Given the simplicity of scraping a single table of data, there really is no room for error with this one. Even if it was 100k rows, if it’s in a single table, there is no excuse for missing any data in the final deliverable.
Minimum success rate: 100% Initial success rate: 100% Final success rate: 100%
Given the complete lack of structure and almost no semantically relevant details, we should expect our success rate with this site to be much lower. However, every page that needs to be scraped is linked to nicely from one location, there is no digging or categorisation to be done here. It’s also obviously a home-made website and it’s on cheap hosting which doesn’t throttle the number of connections or speed with which you can access the pages. Given that, we’re very unlikely to experience any issues from our IPs being banned. With a little bit of work we can build a scraper that should perform reasonably well under these conditions.

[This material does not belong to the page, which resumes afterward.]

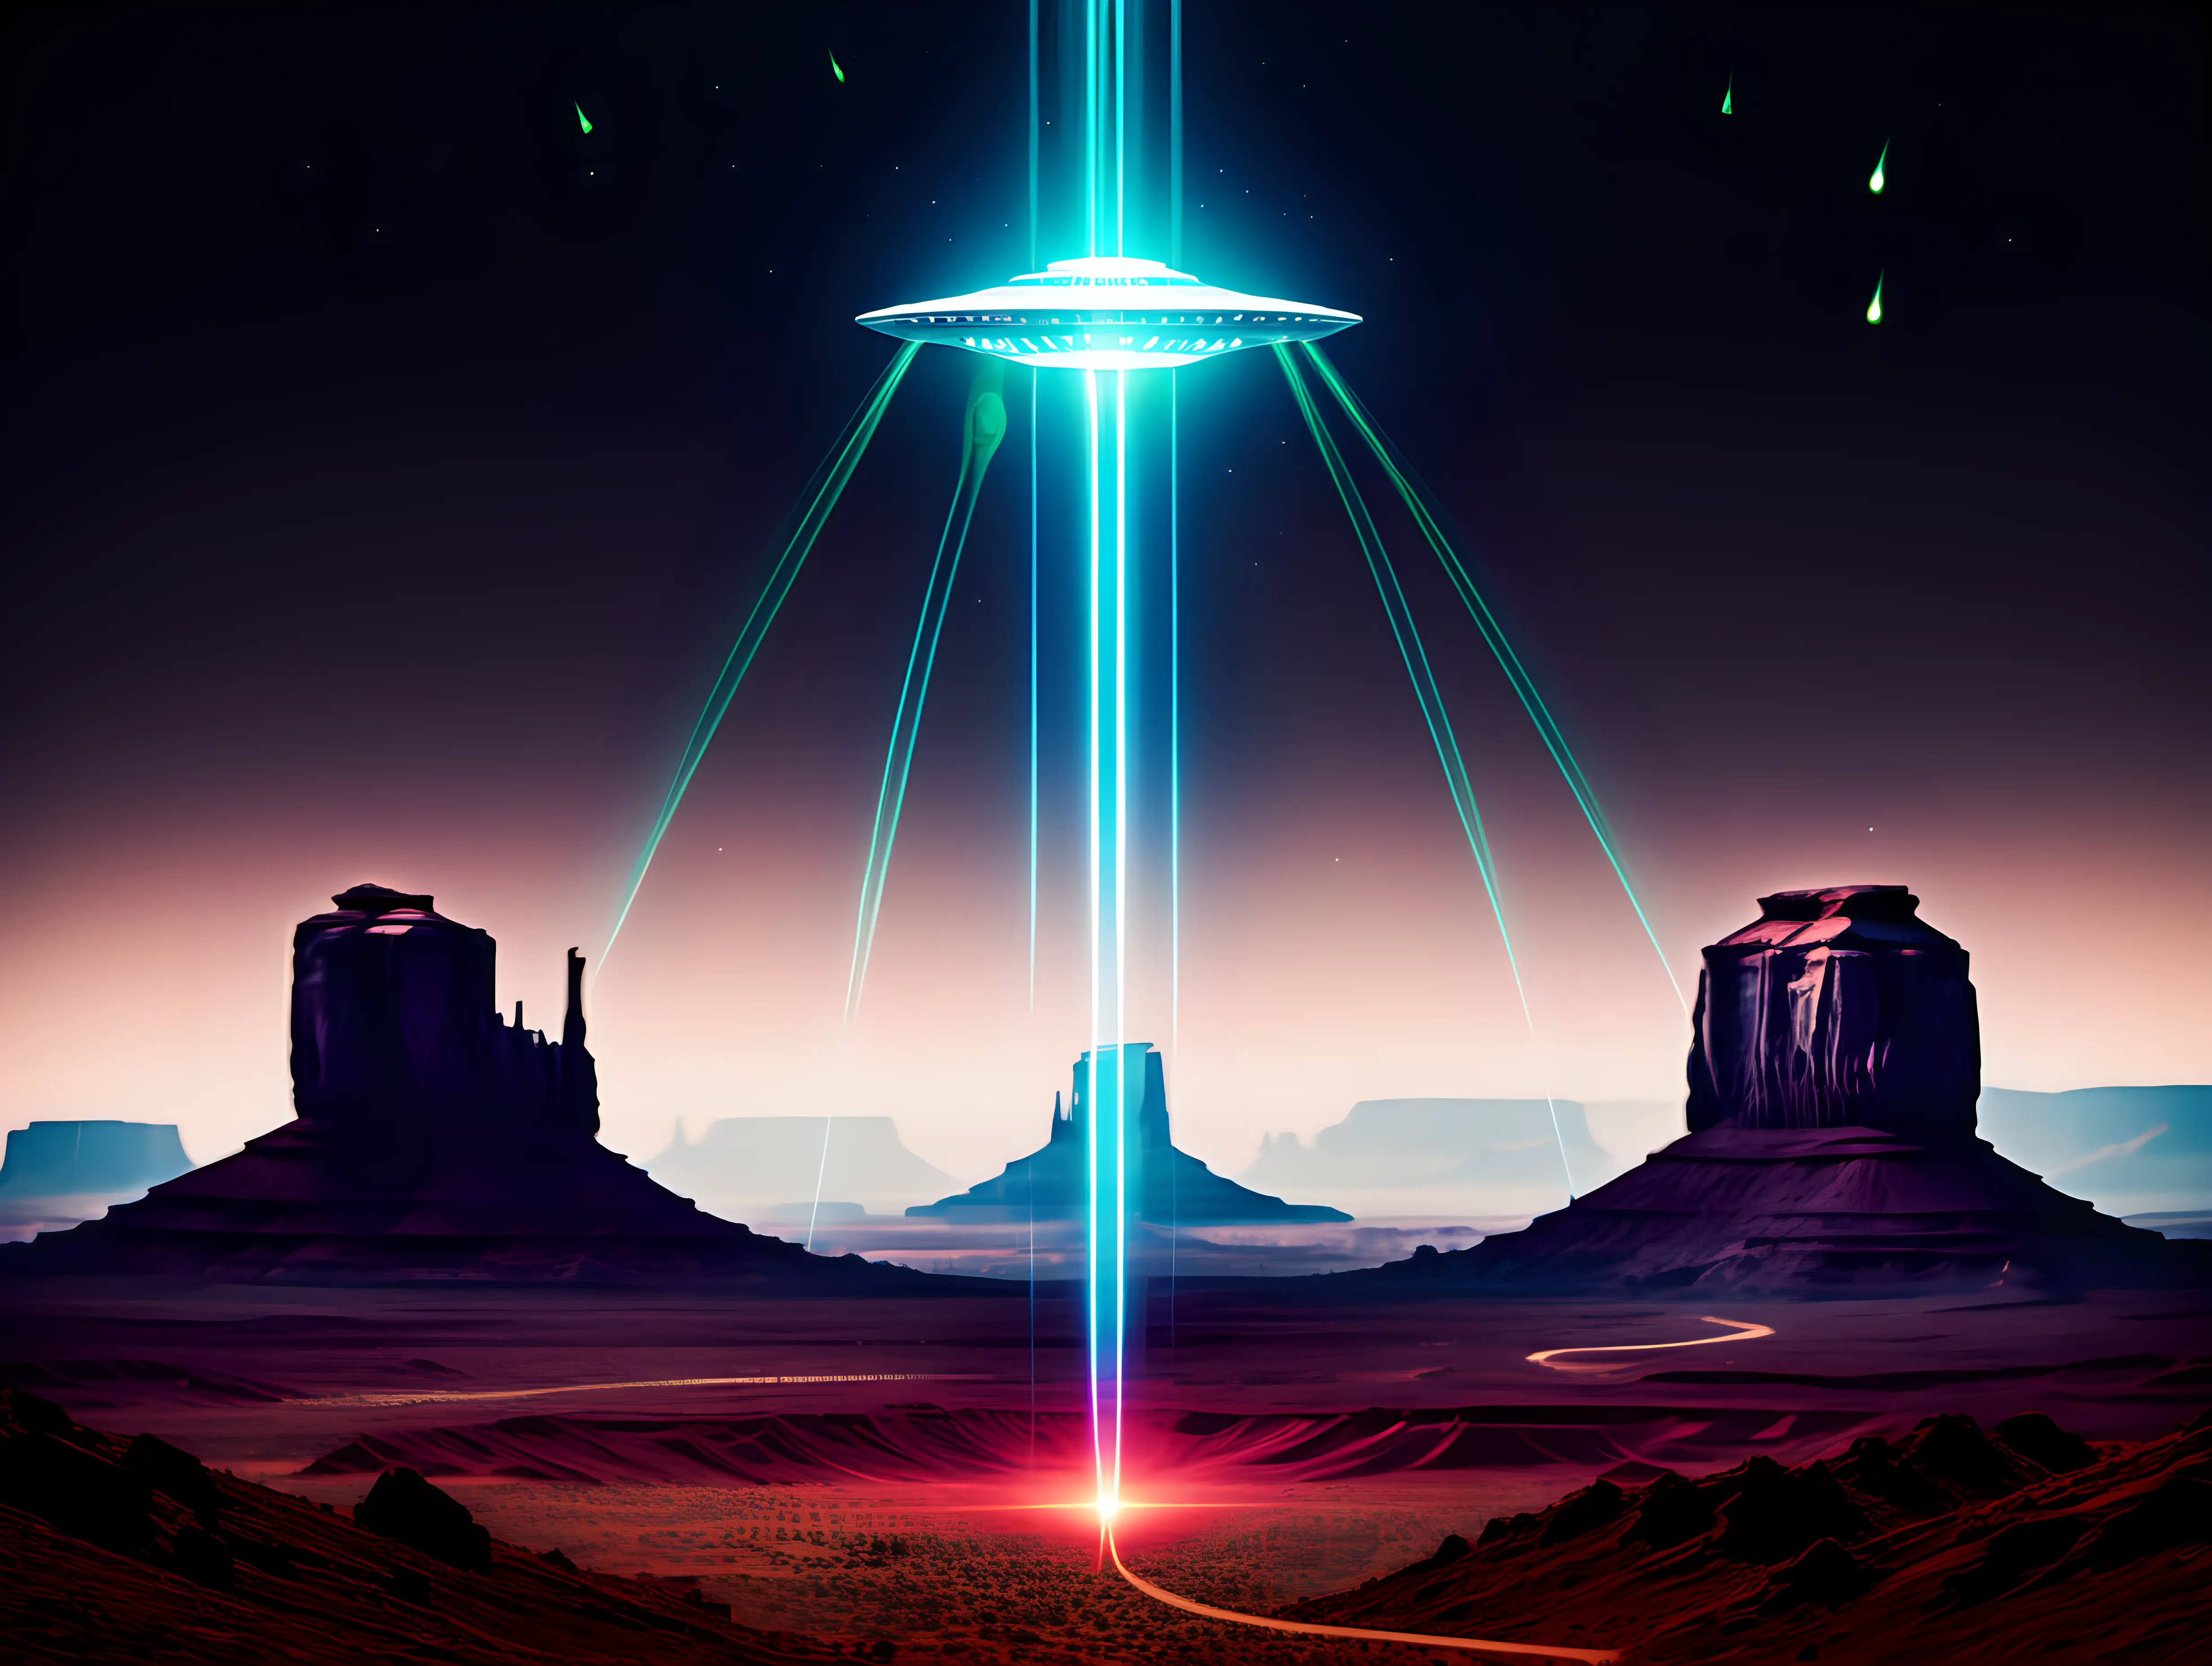 Multiple Alien spaceships shooting lasers at Monument Valley
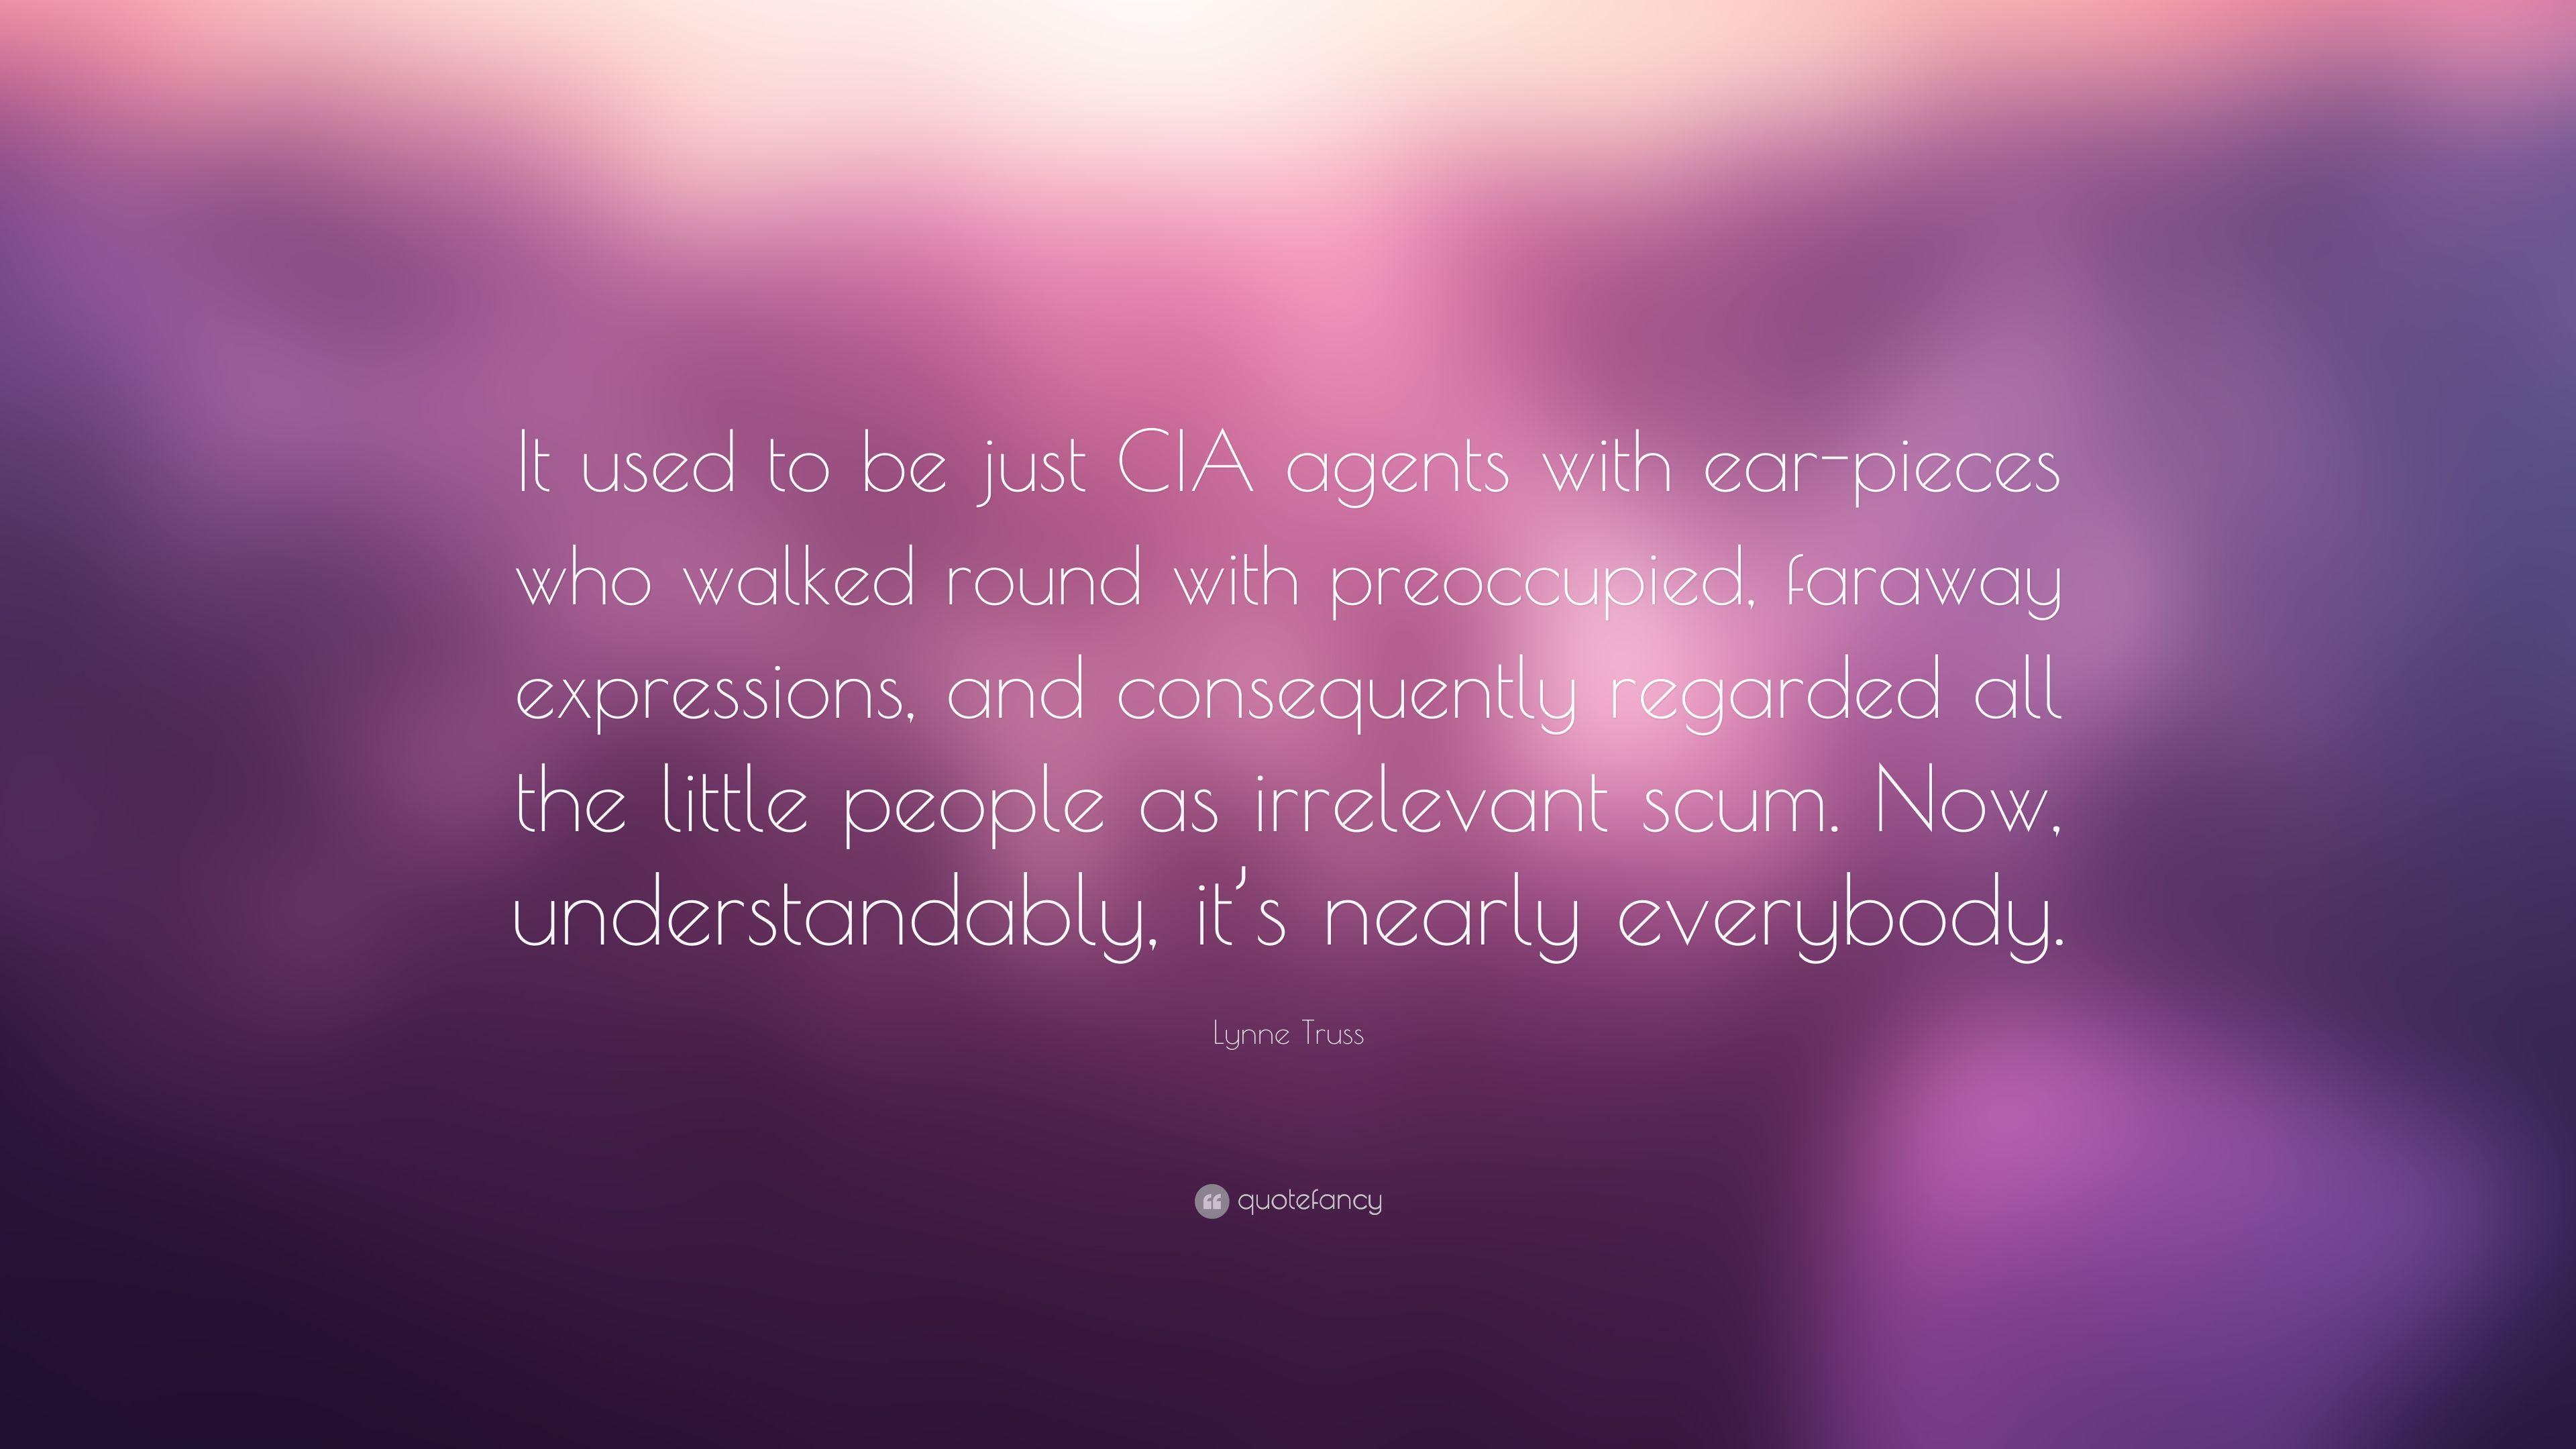 Lynne Truss Quote: “It used to be just CIA agents with ear

Minimum success rate: 90% Initial success rate: 97% Final success rate: 97%
This website is a big ecommerce site, hosted on a dedicated server, set up well to restrict the kind of activity we are going to be performing. Despite this, with the markup being so semantically strict and conforming across every page, it should be very easy to find and scrape the data once we’ve accessed the page. The high number of pages and ensuring we find every single one is really the only issue we face. If we use lots of proxies and go at it slowly, we should be aiming to get a very high success rate and scrape almost all of the data available.
Minimum success rate: 95% Initial success rate: 96% Final success rate: ~99%
I’m not too sure where I was going with this post actually …oh yes, acceptable success rates. Ideally we obviously want to have a 100% success rate first time around, every time. And even with some tweaking and a few runs at the problem, 100%. This, however is not very realistic in the field and so sometimes we have to settle for something slightly less than perfect.